I’m not one of the chosen for posting videos and I never could get it right but here goes.
https://m.youtube.com/watch?v=bXT7-Ya-DWY
I never would have taken you for an anime guy.
In the 60s-80s, assigning motivations and presumed courses of action according to perceived ethnic or social characteristics was known as “stereotyping,” and it was bad. Now exactly the same thing is termed “identity politics,” and although it is still just as ignorant, it has become the adopted model for each of the major parties. To pander for a few more votes here and there, the mechanism of “intersectionaily” was created, defining the set of views to which everyone in a particular set of “allied” stereotypes is expected to conform. However, dissonance strikes for many when the destruction of their stereotyped identity group becomes a precept of the intersectionality. It is time to decide who will leave the “big tent” (or be voted off the island).
Schumer and Biden are trying so very hard to appease the majority and minority of the party, and I have to believe that they are smart enough to realize that it won’t work, but don’t see any alternative other than complete surrender to the left wing radicals.

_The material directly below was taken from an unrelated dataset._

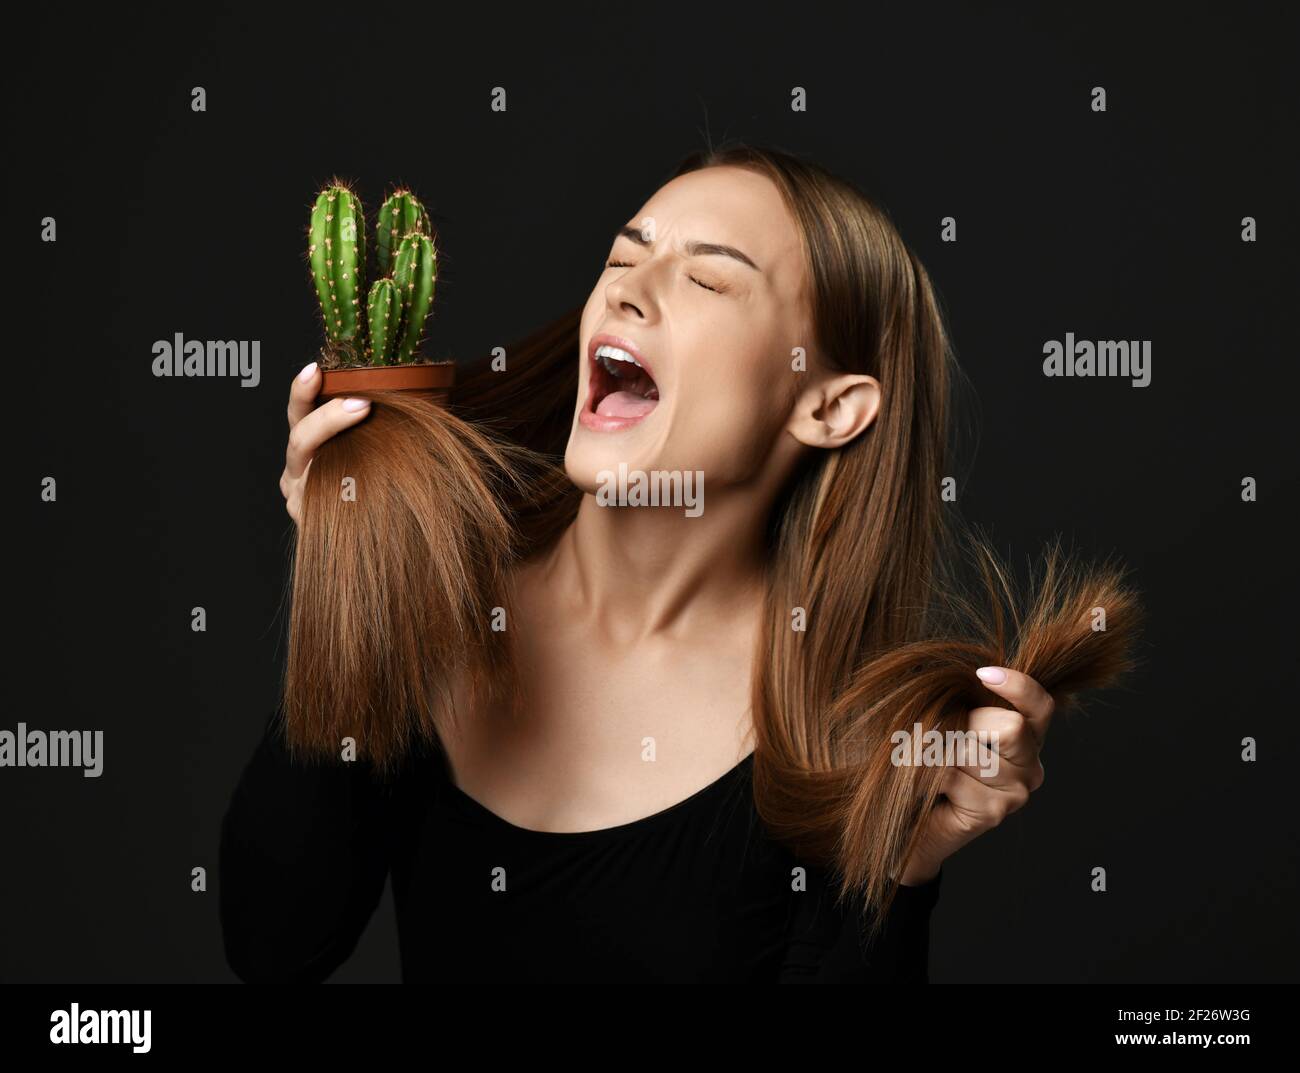 Frustrierte Frau mit langen seidig geraden Haaren in schwarzem Körper Schreiend schreiend hält Kaktuspflanze Vergleich mit Spliss Stockfoto

Trump is looking more and more likely.
Antisemitism is a mental illness. It’s a virus that attacks the brain, and spreads like any other viral infection. It attacks the minds of those on the left as well as those on the right. It needs to be addressed before it becomes a pandemic, perhaps it already has reached that level in this country. Senator Schumer did the right thing in addressing this problem. Hopefully others will do the same.